Using Digested and Lyophilized Bone Matrices for Enhanced Retention and Sustained Release of BMP-2 for Bone Regeneration Background Human recombinant bone morphogenetic protein 2 (rhBMP-2) is an FDA-approved growth factor that promotes bone formation but includes safety risks like inflammation and ectopic bone formation. Current research aims to enhance rhBMP-2 delivery strategies, as prolonged, controlled release improves bone healing and reduces side effects compared to short-term release. Currently, collagen sponges are often used for the delivery of rhBMP-2 but suffer from poor structural stability and inadequate release profiles. A previous study developed a sponge- like matrix from decellularized, demineralized, and enzymatically digested porcine bone, demonstrating biocompatibility and bone regeneration. In this study, we created a similar digested and lyophilized bone matrix (DLBM) while adding synthetic BMP2 (sBMP2) and stabilizing with glutaraldehyde (GL) crosslinking in the hopes of creating a safe and efficacious BMP2 delivery system. Methods The digested and lyophilized bone matrix (DLBM) was fabricated using established methods, with synthetic BMP2 peptide (sBMP2) infused and stabilized through glutaraldehyde (GL) crosslinking. This DLBM/BMP2/GL construct was compared to a DLBM/BMP2 scaffold without crosslinking. Over four weeks, we assessed in vitro degradation and BMP2 release of both constructs at various time points. The in vivo efficacy of the DLBM/BMP2/GL scaffold was evaluated using a non-healing tibial defect model in a rat model, analyzing bone growth via CT and histology after eight weeks. Results In vitro degradation experiments showed that the DLBM/BMP2/GL scaffold retained significantly more of its original mass (~40%) compared to the non-GL scaffold (~17%). Additionally, we found significantly higher retention of sBMP2 in the DLBM/BMP2/GL scaffold at all time points. CT analysis and histological examinations further indicated that the DLBM/BMP2/GL scaffold exhibited enhanced regenerative capability over the DLBM scaffold in vivo, demonstrating improved efficacy.

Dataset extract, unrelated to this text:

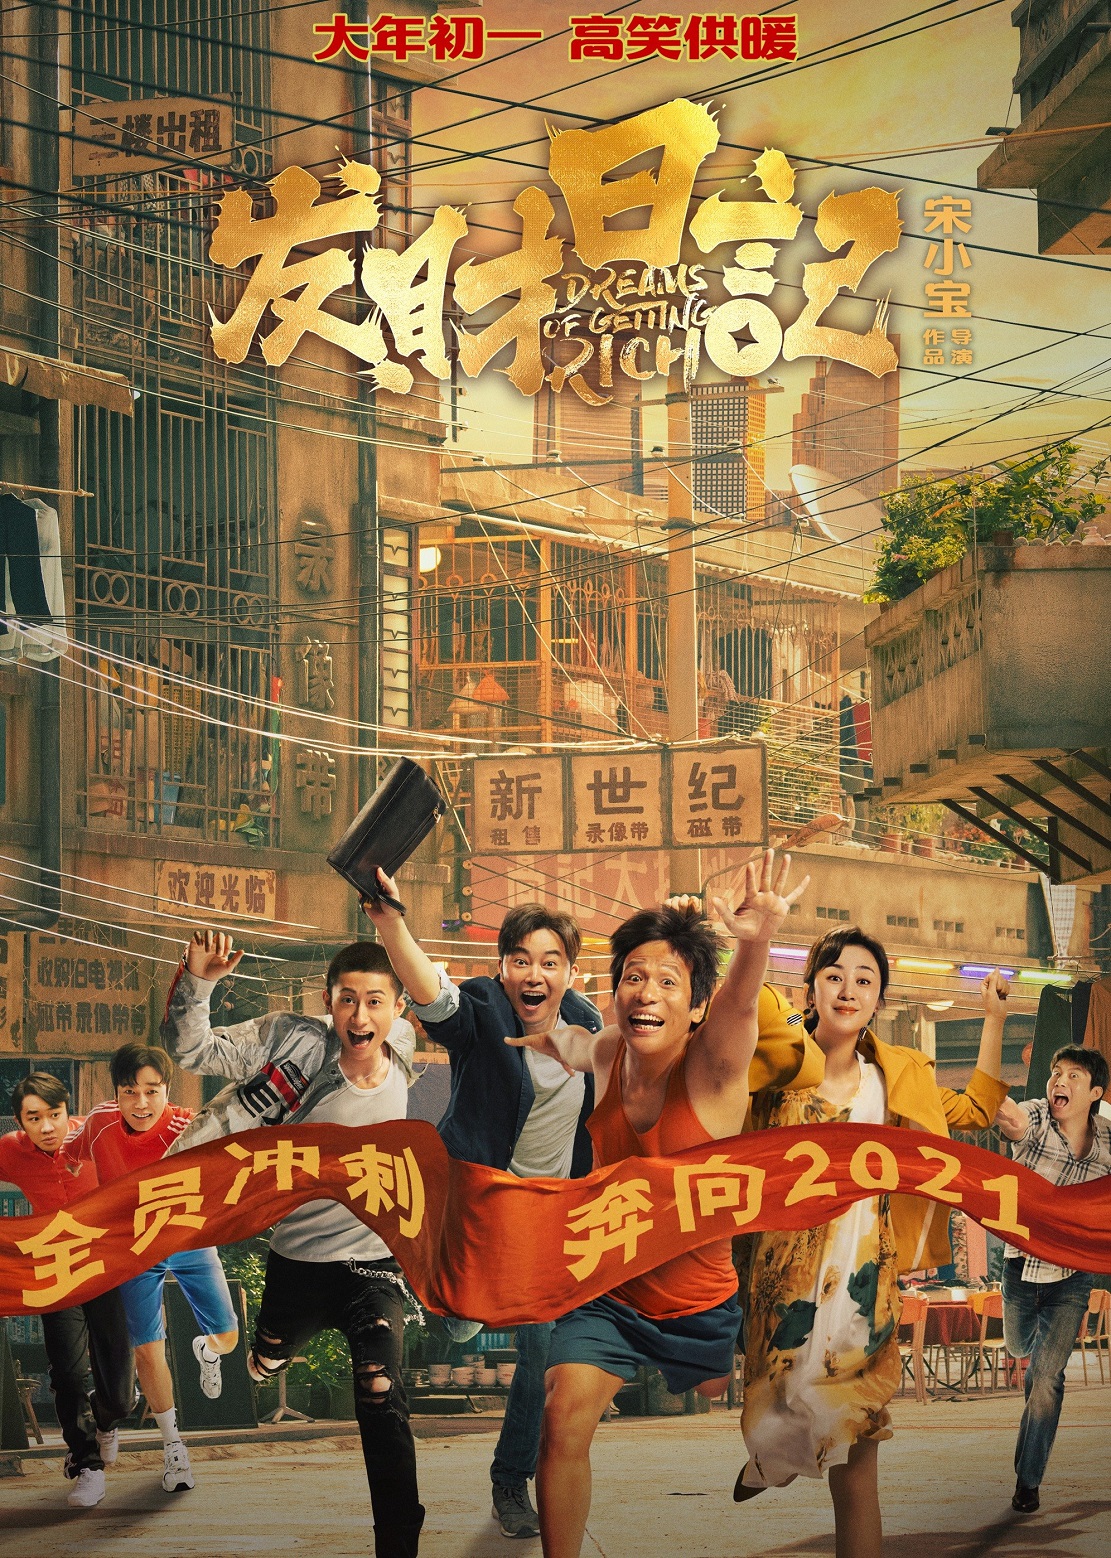 Poster Phim Giấc Mộng Giàu Sang (Dreams of Getting Rich)

Conclusion Our study underscores the potential of the DLBM/BMP2/GL scaffold as a promising platform for bone tissue engineering. We found that a sponge-like matrix, comprised of the digested and lyophilized bone matrix (DLBM) of pig bone, could effectively retain BMP2 peptide after chemical crosslinking using glutaraldehyde (DLBM/BMP2/GL). Further, we found a much more sustainable and controllable release profile of the BMP2 from the DLBM/BMP2/GL matrix when compared to the same BMP2-infused DLBM structure without any chemical crosslinking applied. Our in vivo evaluations demonstrate the improved biocompatibility, osteogenicity, and bone regenerative capacity of the DLBM/BMP2/GL scaffold compared to DLBM alone. Overall, our findings contribute to advancing innovative strategies for optimizing bone tissue engineering outcomes, thereby enhancing clinical efficacy and safety in bone repair and regeneration applications.